Include All Columns in SELECT GROUP BY Result – How to Guide

aggregatedependenciesgroup byprimary-key

I'll base this question on a toy example.

Let this be table A:

            A
-------------------------
 U | V | W | X | Y |  Z
-------------------------
 a | b | c | 1 | 6 | 8.3
 a | b | c | 1 | 4 | 3.7
 a | b | f | 3 | 4 | 2.6
 a | b | f | 3 | 2 | 6.0
 a | e | c | 1 | 0 | 3.5
 a | e | c | 1 | 5 | 8.8
 d | b | f | 1 | 0 | 3.5
 d | b | f | 1 | 3 | 2.3
 d | e | c | 2 | 6 | 2.2
 d | e | c | 2 | 4 | 3.3
 d | e | f | 0 | 7 | 5.0
 d | e | f | 0 | 6 | 3.6

I can produce a second table B by grouping the rows of A by columns U, V, and W, and computing the average of column Z for each group.

         B
-------------------
 U | V | W | Z_avg
-------------------
 a | b | c |  6.0
 a | b | f |  4.3
 a | e | c |  6.2
 d | b | f |  2.9
 d | e | c |  2.7
 d | e | f |  4.3

The SQL for this would be something like

SELECT U, V, W, AVG(Z) AS Z_avg FROM A GROUP BY U, V, W;

But I want the new table to include all the columns of the original table that have a functional dependence on the grouping columns U, V, and W. In this example there is one such column, namely column X.

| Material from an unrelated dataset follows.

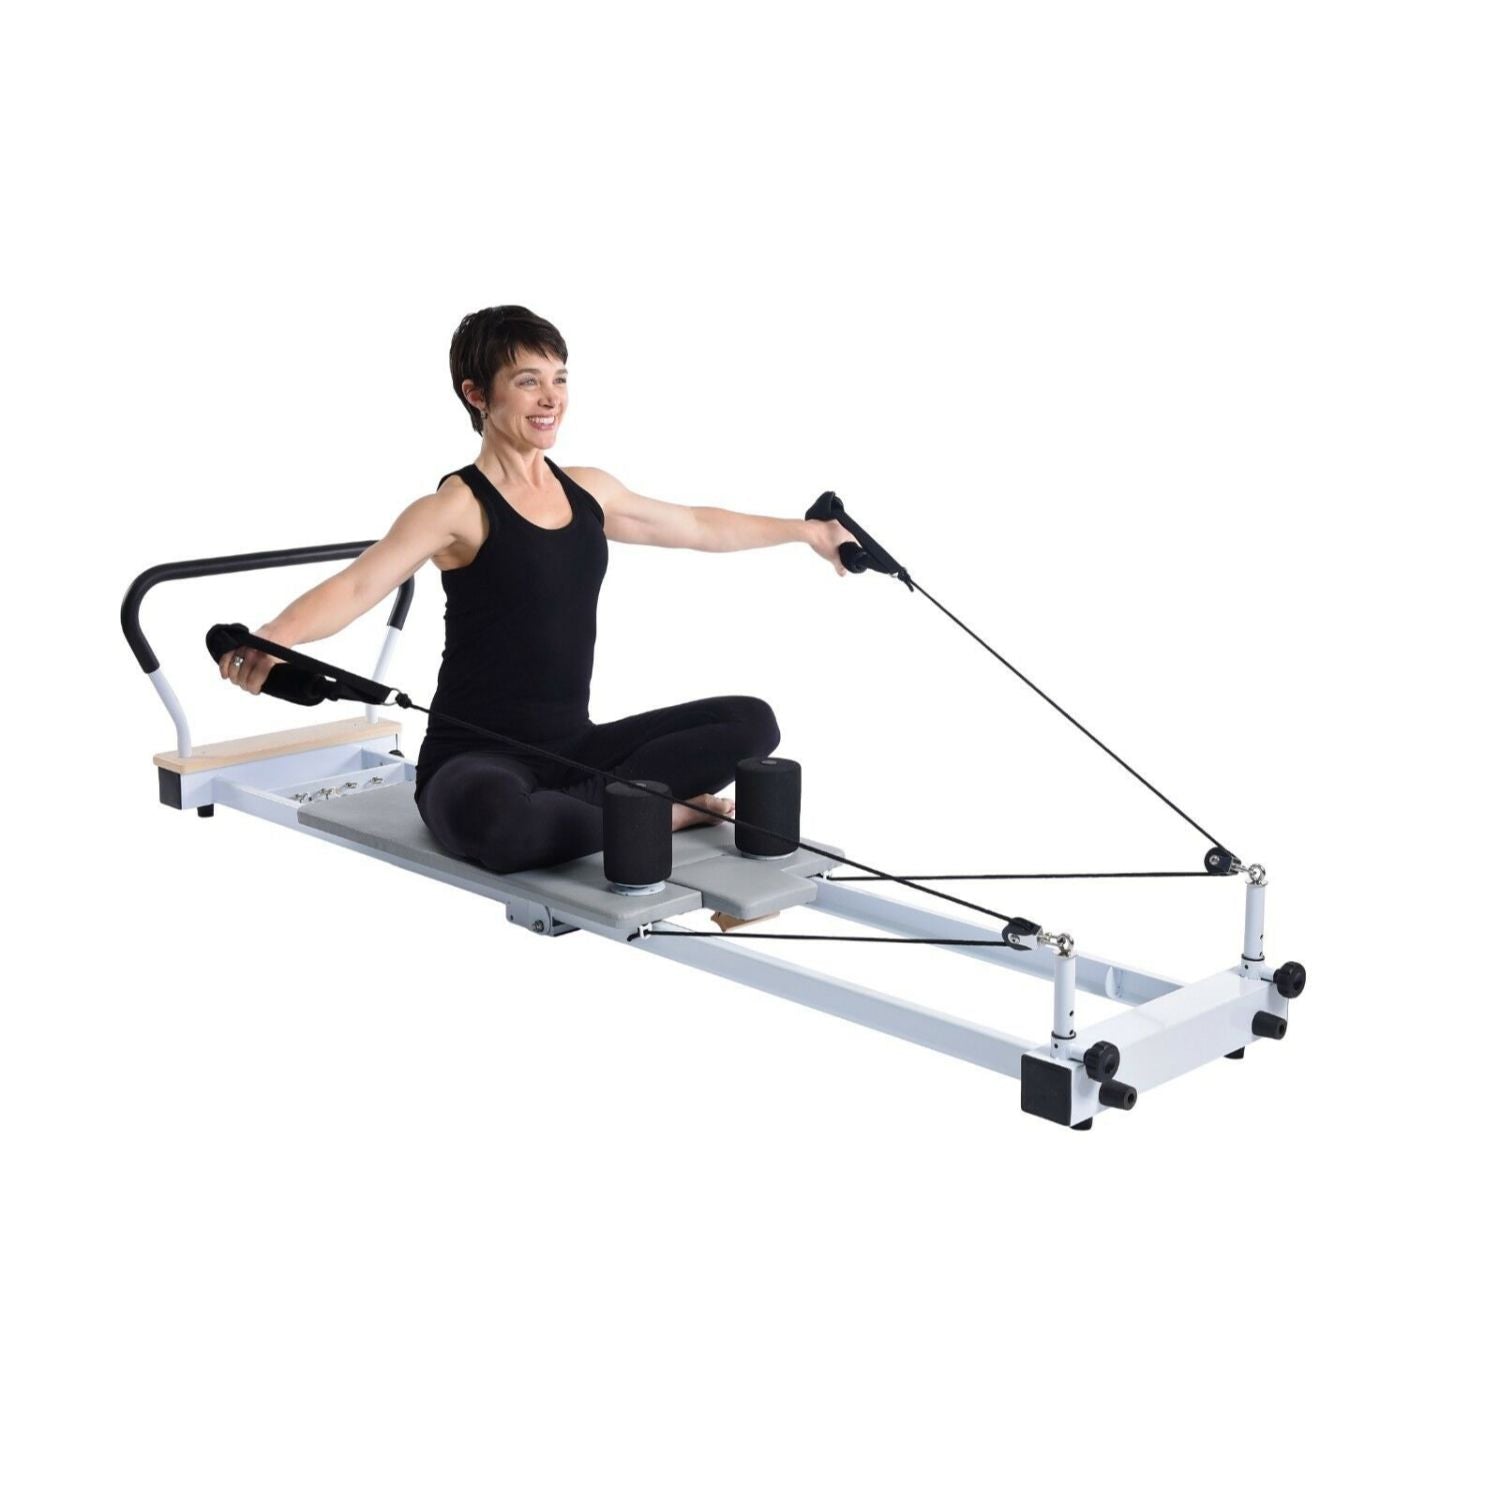 AeroPilates Precision Series Reformer 535 - Pilates Reformer Workout  Machine for Home Gym - Up to 350 lbs Weight Capacity
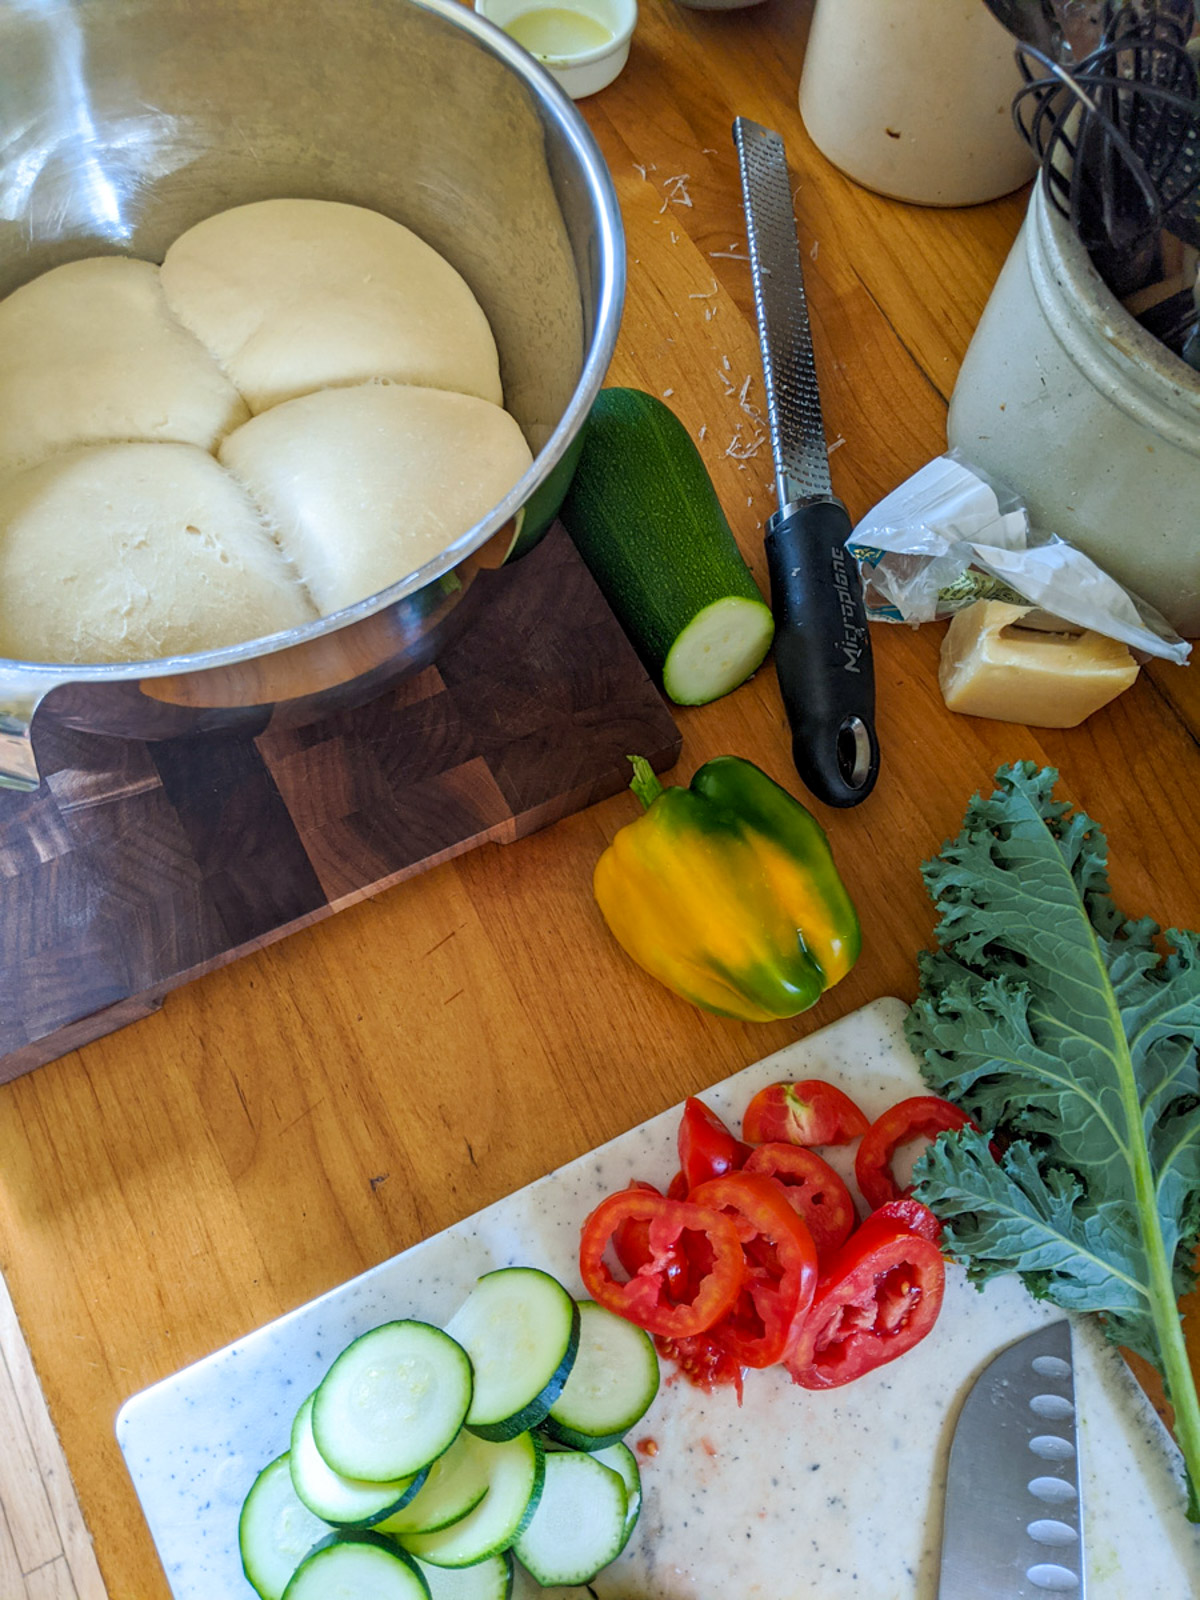 Homemade Pizza - The Complete Process - Sungrown Kitchen

In other words, I want to generate the table C shown below:

           C
-----------------------
 U | V | W | X | Z_avg
-----------------------
 a | b | c | 1 |  6.0
 a | b | f | 3 |  4.3
 a | e | c | 1 |  6.2
 d | b | f | 1 |  2.9
 d | e | c | 2 |  2.7
 d | e | f | 0 |  4.3

So this problem has two parts, at least conceptually.

  1. How to determine which columns are functionally dependent on
    columns U, V, and W?

  2. What is the SQL to generate table C?

I know how to implement a (say, Python) script that can answer (1), but it is tedious and slow. (Basically, for each of the candidate columns, in this case X and Y, the script would collect all of its values for each distinct combination of values in columns U, V, and Z, and then, if each of these sets of values has exactly one element, then the column is functi\onally related to U, V, and Z.)

Likewise, once I have identfied the functionally dependent columns, I can muddle may way through (using temporary tables and what not) to eventually end up with something like table C above (thus, effectively solving (2)).

I figure, however, that this task is sufficiently common that there may be standard tools/techniques to carry it out.

Best Answer

Under the assumptions that you have some columns (say x and y in your example), that you don't know if they are functionally equivalent or not - and that these columns do not have any NULL values (which would complicate things), you can use:

SELECT 
    u, v, w,                    -- the grouping columns

    AVG(z) AS z_avg,            -- the non-functionally dependent

    CASE WHEN MIN(x) = MAX(x)   -- a possibly functionally dependent
      THEN MIN(x) ELSE NULL     -- column
    END AS x,

    CASE WHEN MIN(y) = MAX(y)   -- another one
      THEN MIN(y) ELSE NULL
    END AS y
FROM 
    a
GROUP BY 
    u, v, w ;

If a column is not functionally dependent (with the current data), it will have at least 2 distinct values, so the MIN and MAX will be different and the result will be shown as NULL in that column, in all rows. You can then remove it from the query.